Three subregions of the amygdala receive monosynaptic projections from the olfactory bulb, making them part of the primary olfactory cortex. These primary olfactory areas are located at the anterior-medial aspect of the amygdala and include the medial amygdala (MeA), cortical amygdala (CoA), and the periamygdaloid complex (PAC). The vast majority of research on the amygdala has focused on the larger basolateral and basomedial subregions, which are known to be involved in implicit learning, threat responses, and emotion. Fewer studies have focused on the MeA, CoA, and PAC, with most conducted in rodents. Therefore, our understanding of the functions of these amygdala subregions is limited, particularly in humans. Here, we first conducted a review of existing literature on the MeA, CoA, and PAC. We then used resting-state fMRI and unbiased k-means clustering techniques to show that the anatomical boundaries of human MeA, CoA, and PAC accurately parcellate based on their whole-brain resting connectivity patterns alone, suggesting that their functional networks are distinct, relative both to each other and to the amygdala subregions that do not receive input from the olfactory bulb. Finally, considering that distinct functional networks are suggestive of distinct functions, we examined the whole-brain resting network of each subregion and speculated on potential roles that each region may play in olfactory processing.
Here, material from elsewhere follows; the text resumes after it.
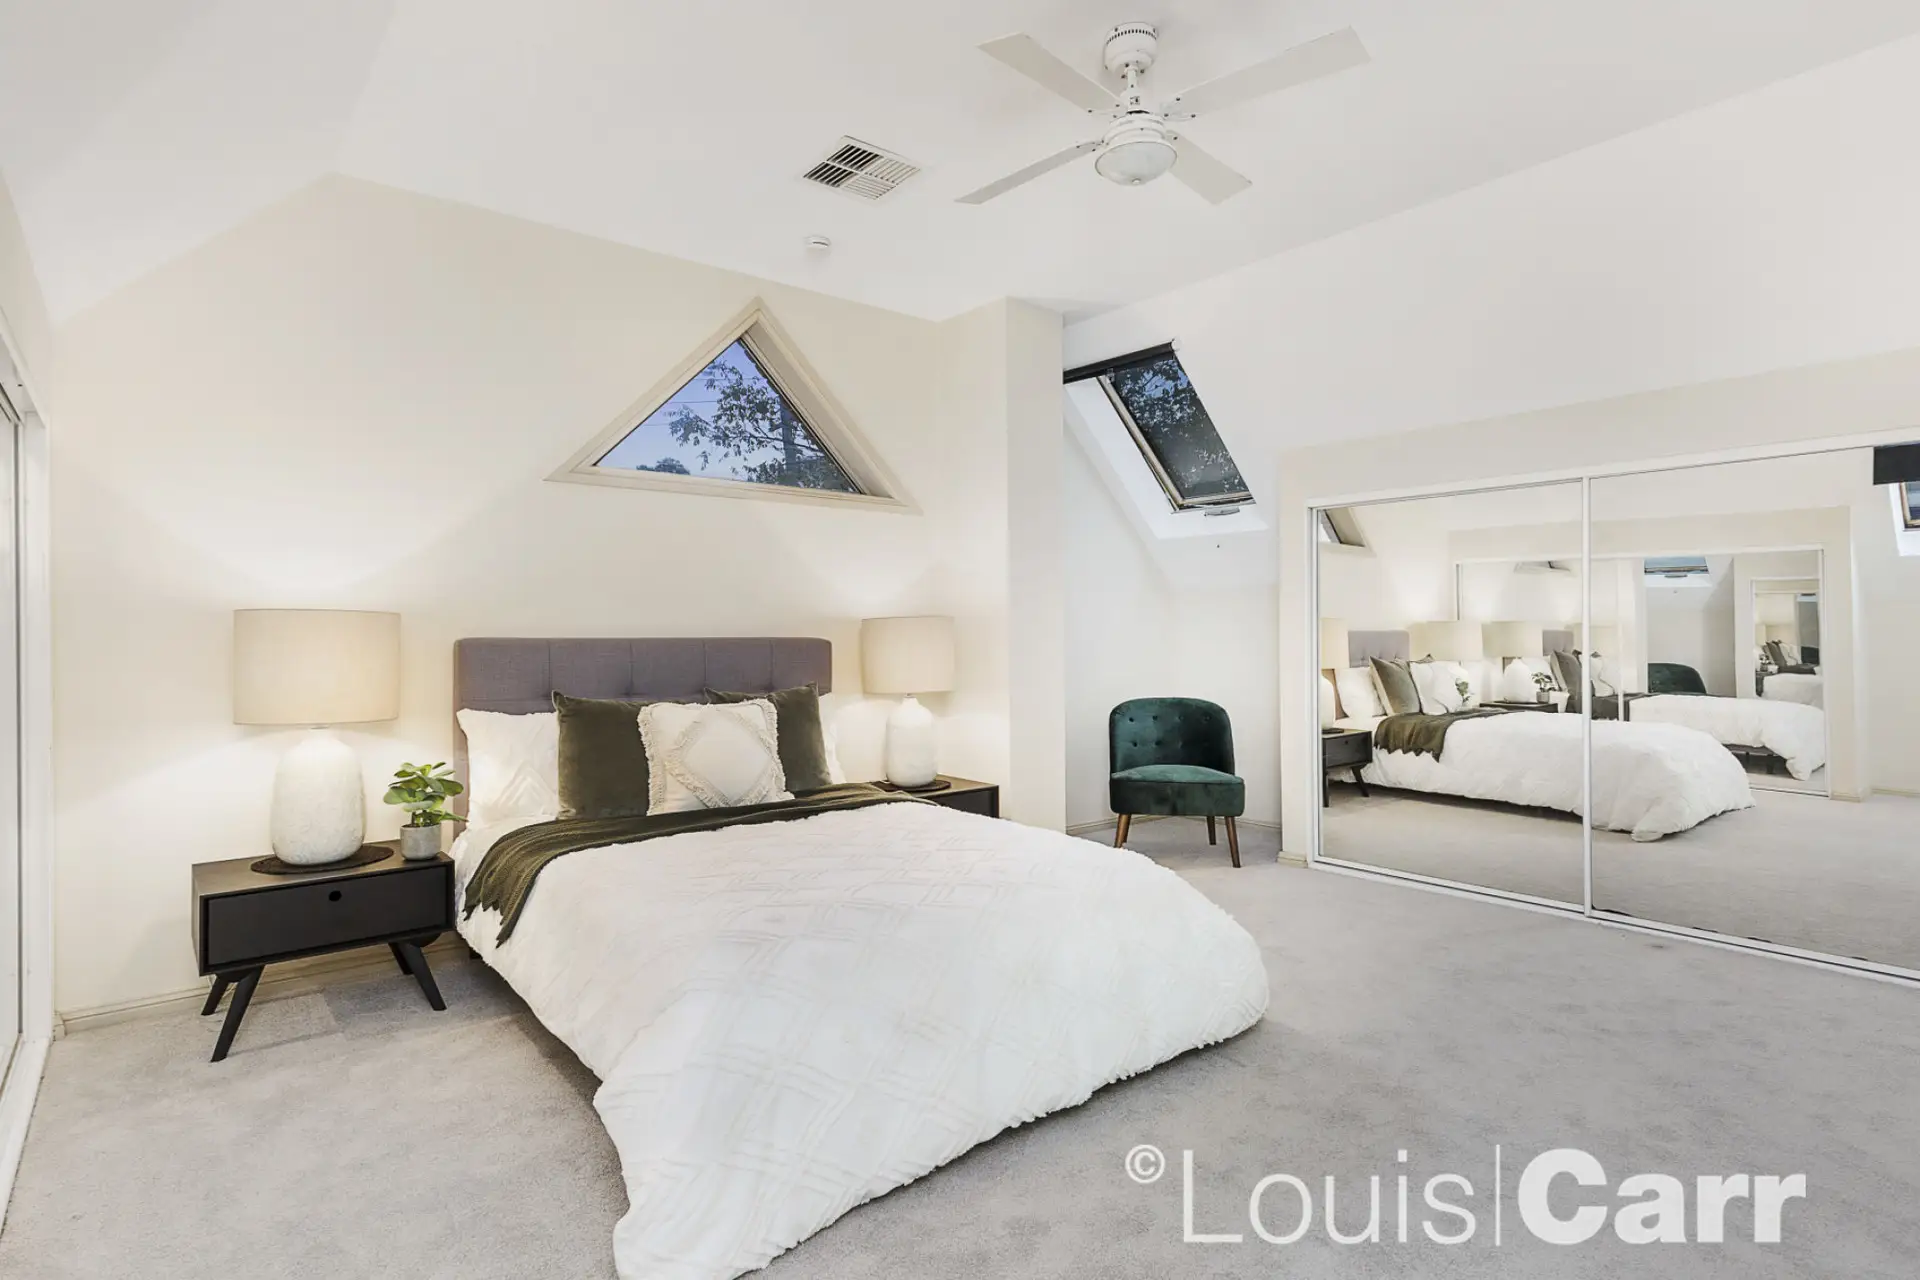 Photo #8: 14/83-93 Railway Street, Baulkham Hills - Sold by Louis Carr Real Estate
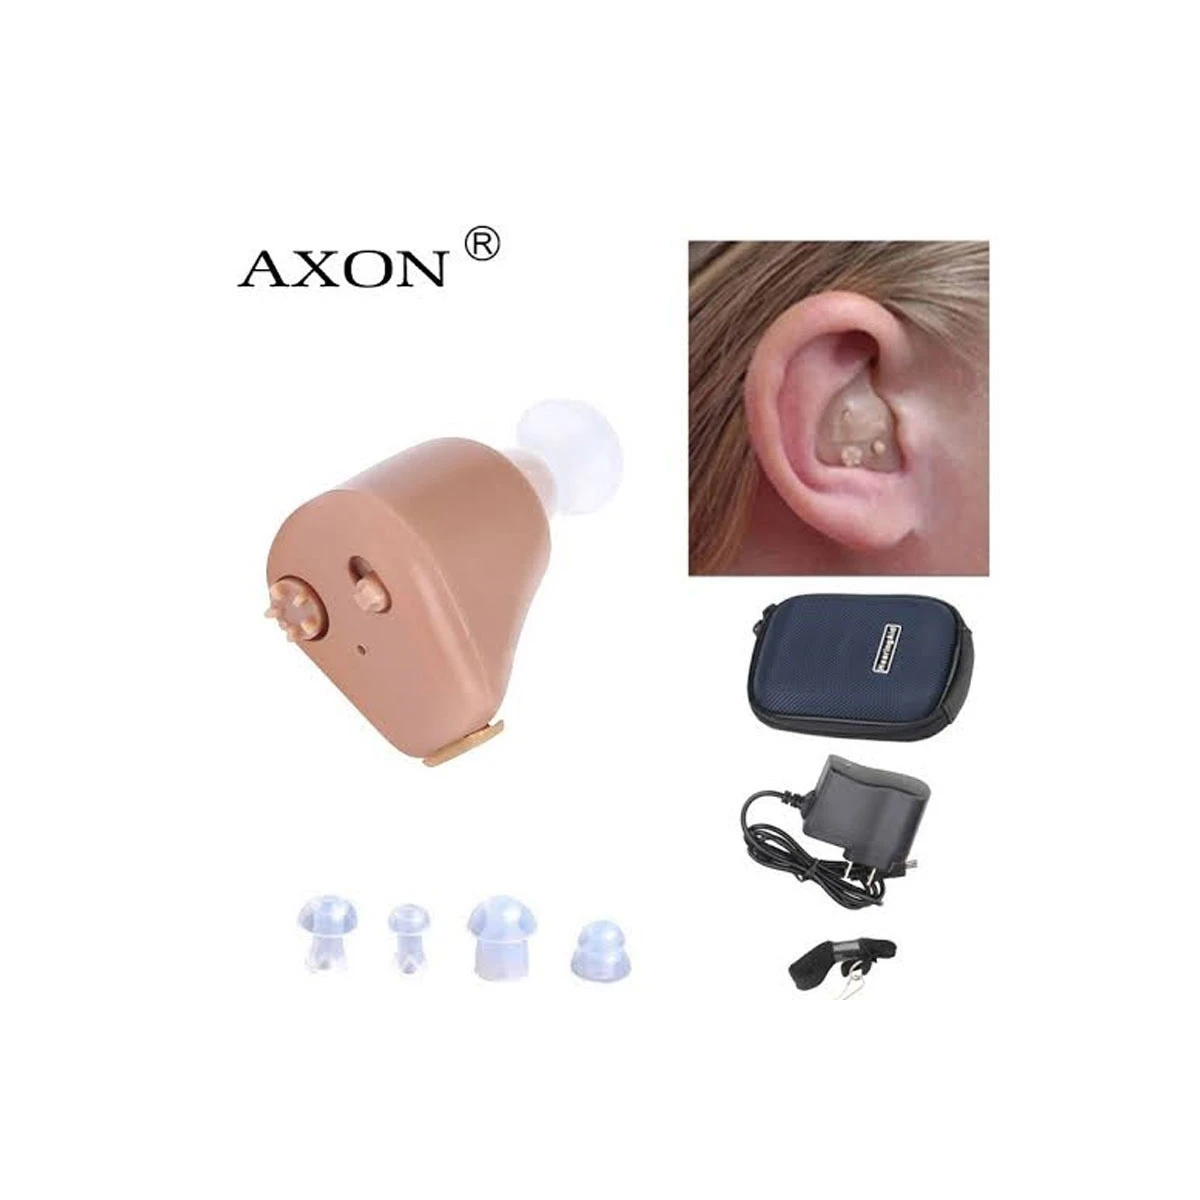 Axon Rechargeable Hearing Aid Machine k-88

Based on these analyses, we speculate that the MeA could potentially be involved in the generation of rapid motor responses to olfactory stimuli (including fight/flight), particularly in approach/avoid contexts. The CoA could potentially be involved in olfactory-related reward processing, including learning and memory of approach/avoid responses. The PAC could potentially be involved in the multisensory integration of olfactory information with other sensory systems. These speculations can be used to form the basis of future studies aimed at clarifying the olfactory functions of these under-studied primary olfactory areas.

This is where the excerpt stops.